Two observations motivate us to introduce QAP reward. First, in a paragraph, usually, there are several facts relating to the answer and can be used to ask questions. Neither the teacher forcing or the QPP reward can favor this kind of novel generation (Example 2 in Figure 3). Second, we find semantically-drifted questions are usually unanswerable by the given answer. Therefore, inspired by the dual learning algorithm He et al. (2016), we propose to take the probability that a pre-trained QA model can correctly answer the generated question as a reward, i.e., $p(a^{*}|q^{s};p)$ , where $a^{*}$ is the ground-truth answer and $q^{s}$ is a sampled question. Using this reward, the model can not only gets positive rewards for novel generation but also be regularized by the answerability requirement. Note that, this reward is supposed to be carefully used because the QG model can cheat by greedily copying words in/near the answer to the generated question. In this case, even though high QAPs are achieved, the model loses the question generation ability.

Policy Gradient

To apply these two rewards, we use the REINFORCE algorithm Williams (1992) to learn a generation policy $p_{\theta}$ defined by the QG model parameters $\theta$ . We minimize the loss function $L_{RL}=-E_{q^{s}\sim p_{\theta}}[r(q^{s})]$ , where $q^{s}$ is a sampled question from the model’s output distribution. Due to the non-differentiable sampling procedure, the gradient is approximated using a single sample with some variance reduction baseline $b$ :

We follow the effective SCST strategy Rennie et al. (2017) to take the reward of greedy search result $q^{g}$ as the baseline, i.e., $b=r(q^{g})$ . However, only using this objective to train QG will result in poor readability, so we follow the mixed loss setting Paulus et al. (2017): $L_{mixed}=\gamma L_{RL}+(1-\gamma)L_{ML}$ . In practice, we find the mixing ratio $\gamma$ for QAP reward should be lower, i.e., it needs more regularization from teacher forcing, so that it can avoid the undesirable cheating issue mentioned above. Furthermore, we also apply the multi-reward optimization strategy Pasunuru and Bansal (2018) to train the model with two mixed losses alternately with an alternate rate $n:m$ , i.e., train with $L_{mixed}^{qpp}$ for $n$ mini-batches, then train with $L_{mixed}^{qap}$ for $m$ mini-batches, repeat until convergence. $n$ and $m$ are two hyper-parameters.

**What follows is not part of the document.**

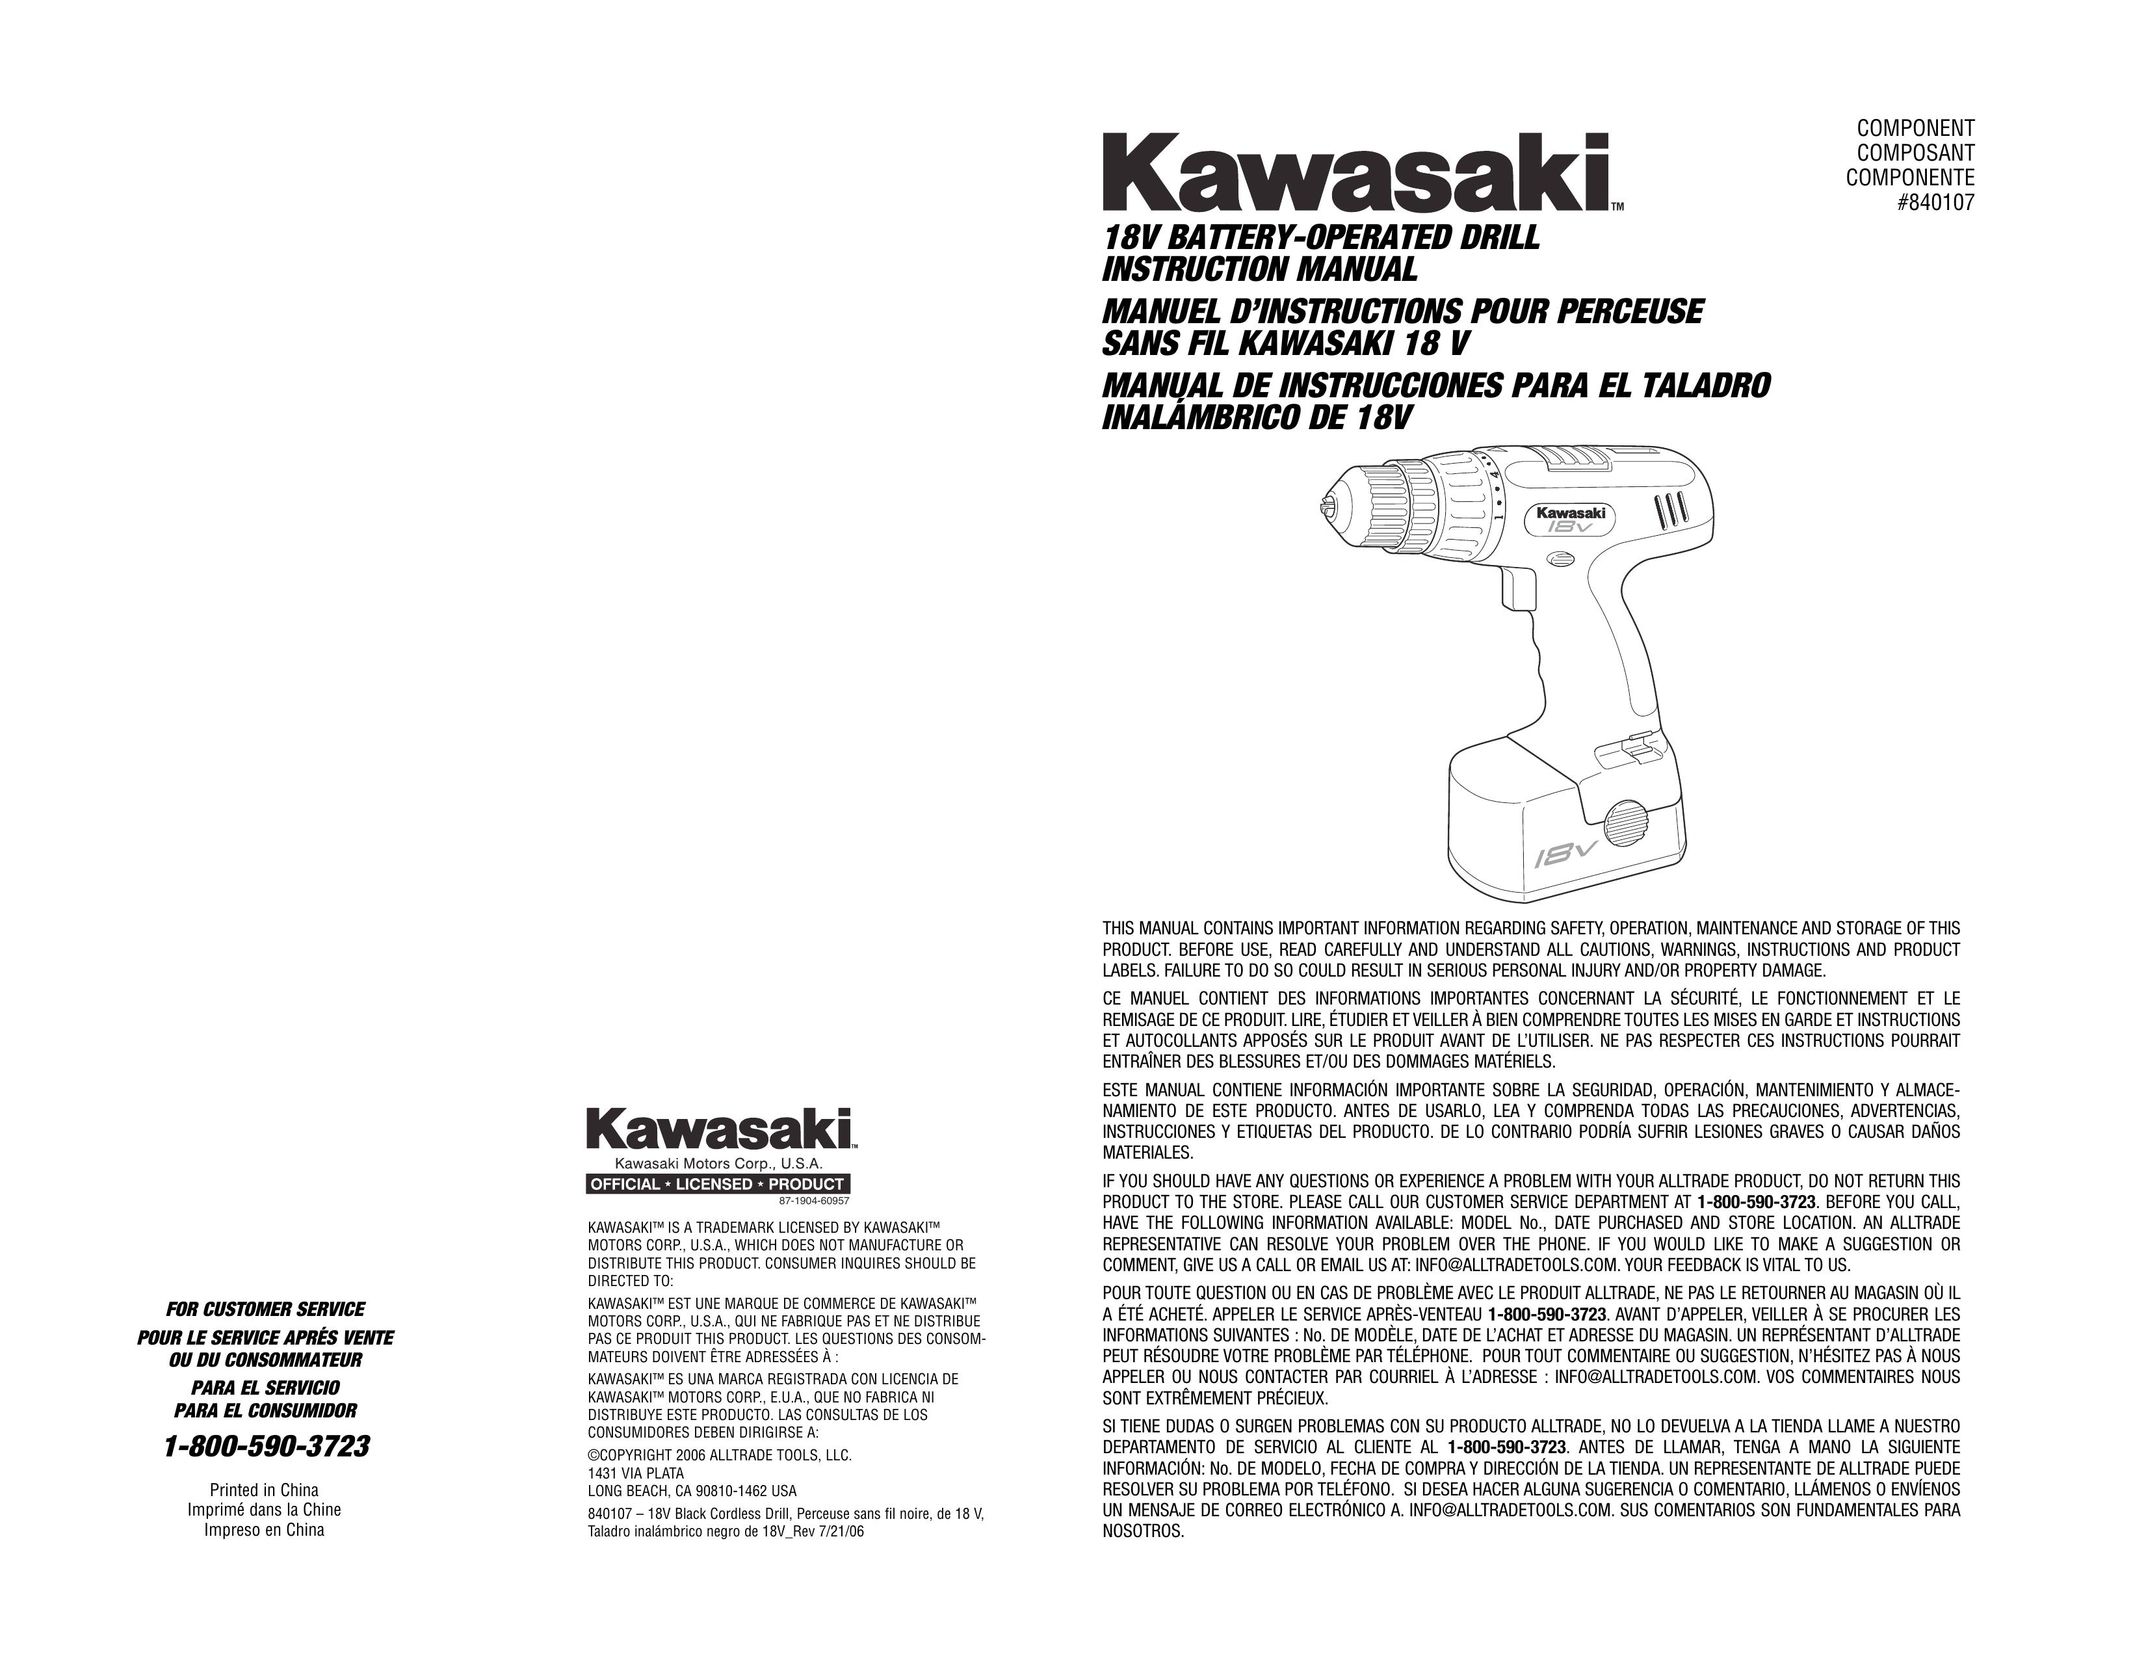 Kawasaki 840107 Drill User Manual

Experiments show that these two rewards can significantly improve the QG performance separately or jointly, and we achieve new state-of-the-art QG performances, see details in Section 6.

3 QA-Based QG Evaluation

Inspired by the idea that “a perfect QG model can replace humans to ask questions”, we introduce a QA-based evaluation method that measures the quality of a QG model by its ability to mimic human annotators in labeling training data for QA models. The evaluation procedure is described as follows. First, we sample some unlabeled Wikipedia paragraphs with pre-extracted answer spans from HarvestingQA dataset Du and Cardie (2018). Second, we make a QG model act as an “annotator” to annotate a question for each answer span. Third, we train a QA model using this synthetic QA dataset. Lastly, we use the QA model’s performance on the original SQuAD development set as the evaluation for this QG model. The higher this QA performance is, the better the QG model mimics a human’s question-asking ability. We believe that this method provides a new angle to evaluate QG model’s quality and also a more reliable way to choose QG models to conduct data augmentation and semi-supervised QA.

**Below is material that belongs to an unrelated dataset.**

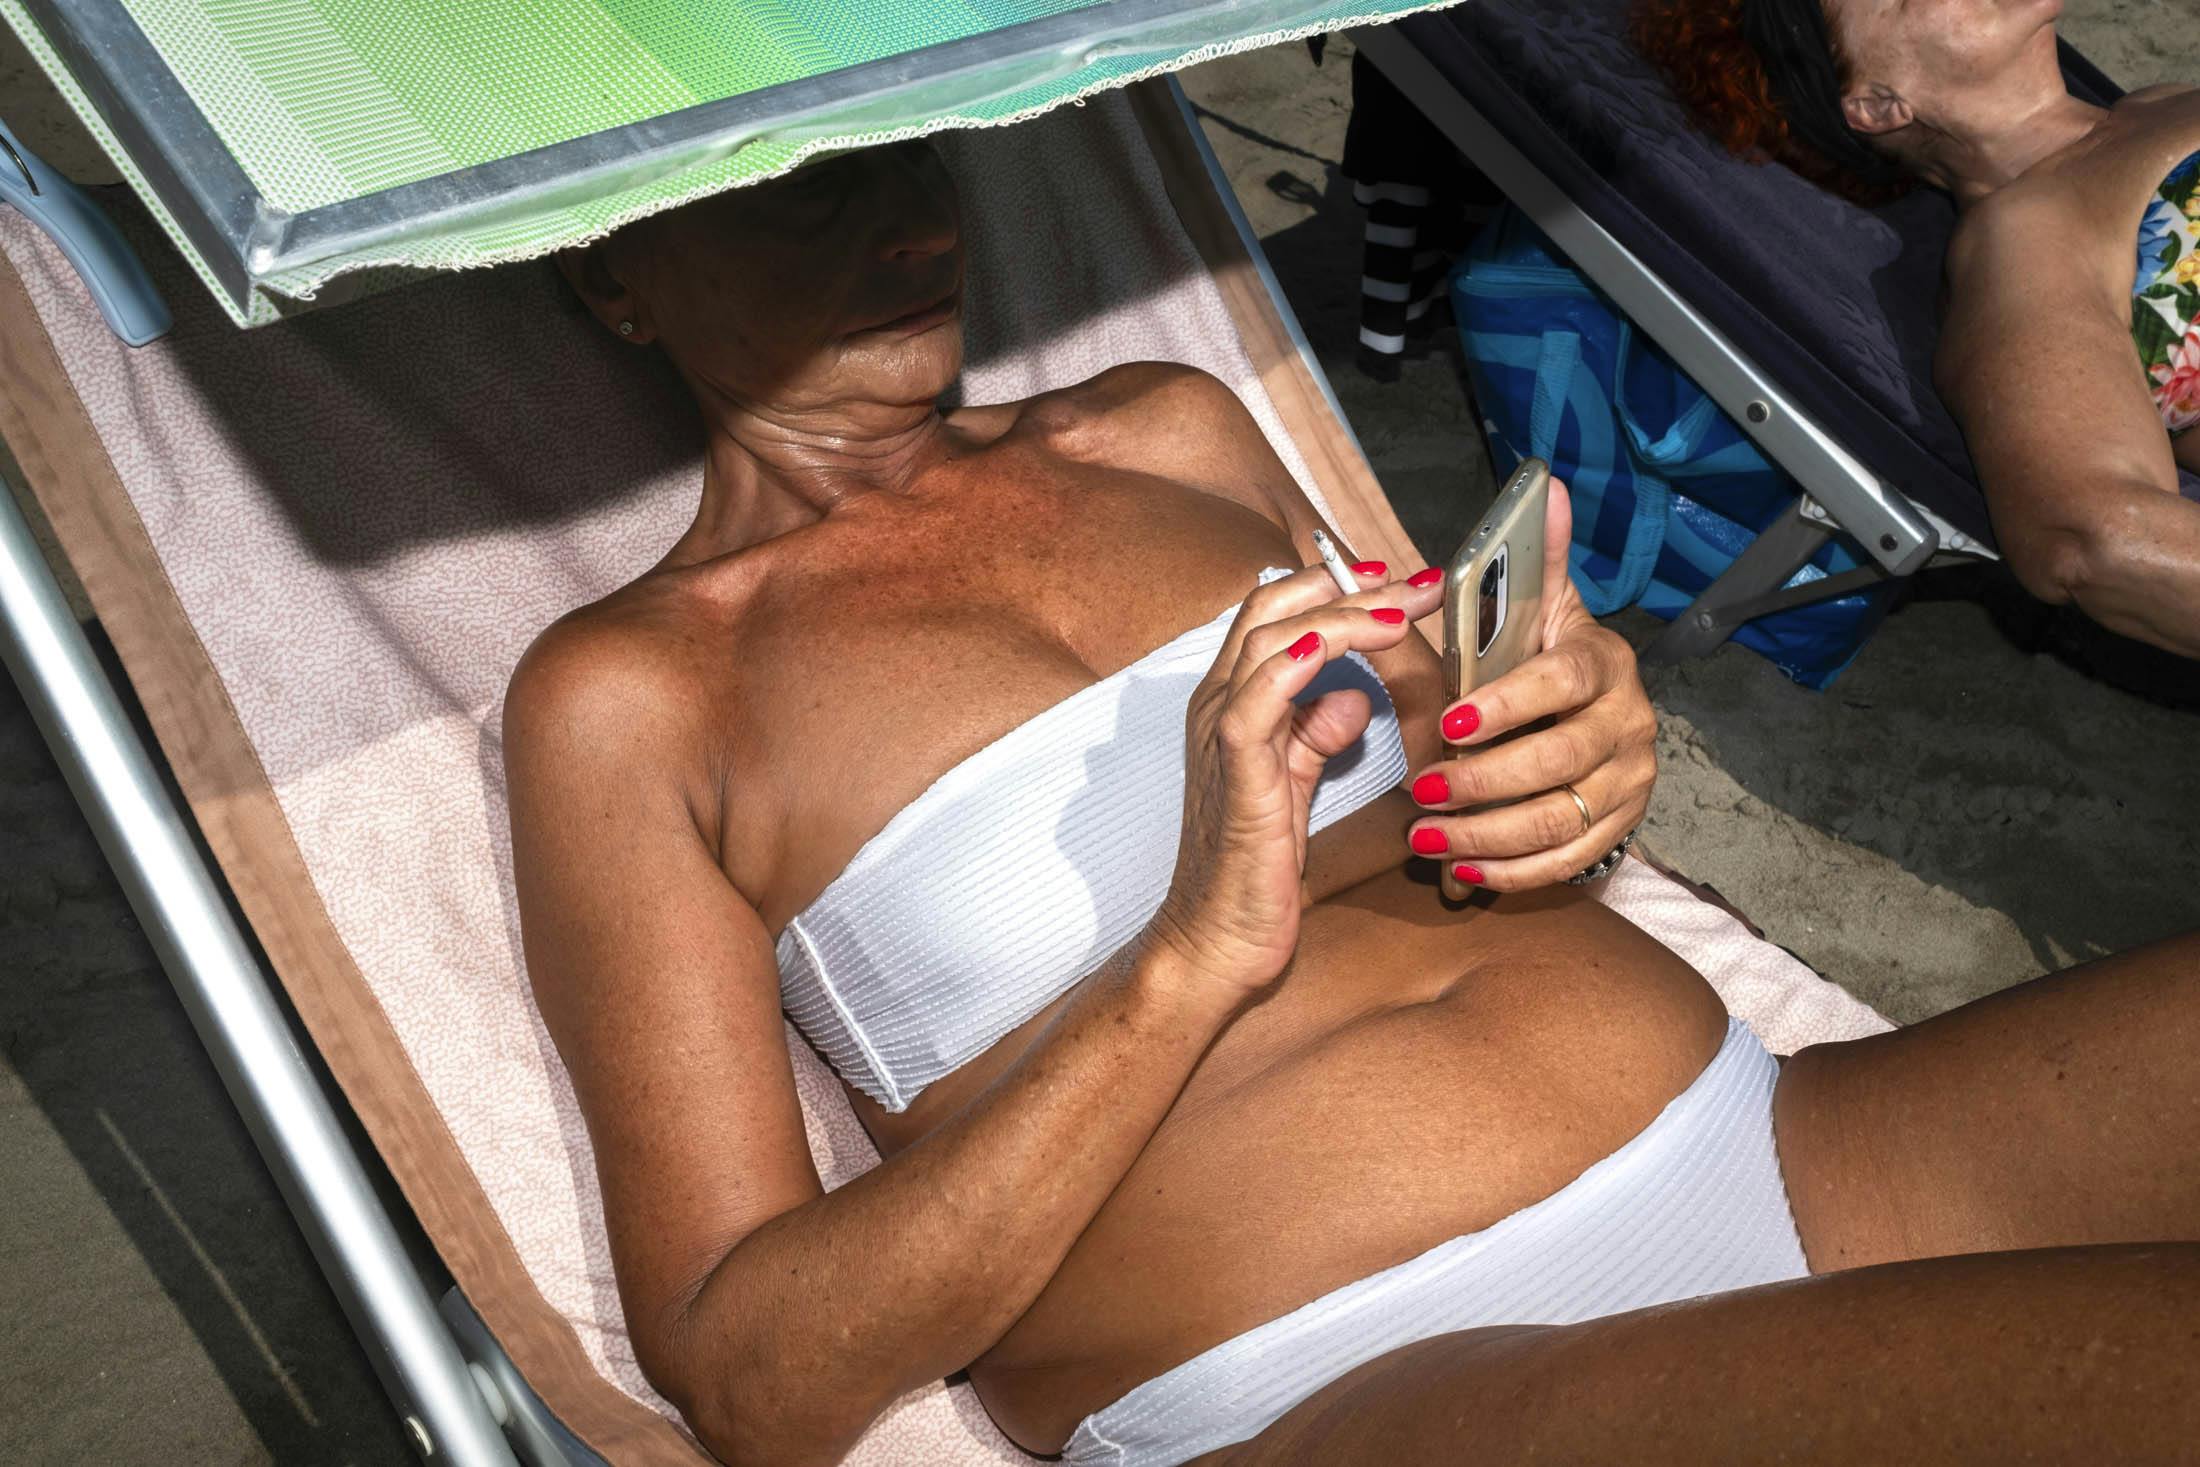 woman on sun lounger using phone and smoking

Semi-Supervised Question Answering

Since one of the major goals of developing QG systems is to generate new QA pairs and augment QA datasets, we investigate how to use our QG system to act as a question annotator, collect new QA pairs, and conduct semi-supervised QA. Figure 4 illustrates the overall procedure of our semi-supervised QA approach.

To generate synthetic QA pairs, we follow the effective “back translation” approach proposed in Neural Machine Translation (NMT) Sennrich et al. (2016). In NMT, the back translation method first obtains synthetic source sentences by running a pre-trained target-to-source translation model on a monolingual dataset of the target language; then, it combines the synthetic and ground-truth translation pairs to train the desired source-to-target translation model. Similarly, in the QA scenario, the paragraph/answer can be viewed as the “target sentence”, while the question can be taken as the “source sentence”. One tricky difference is that even if the paragraphs can be easily obtained from Wikipedia, there are no answer span labels. Therefore, we use two sources to generate questions from, as discussed below.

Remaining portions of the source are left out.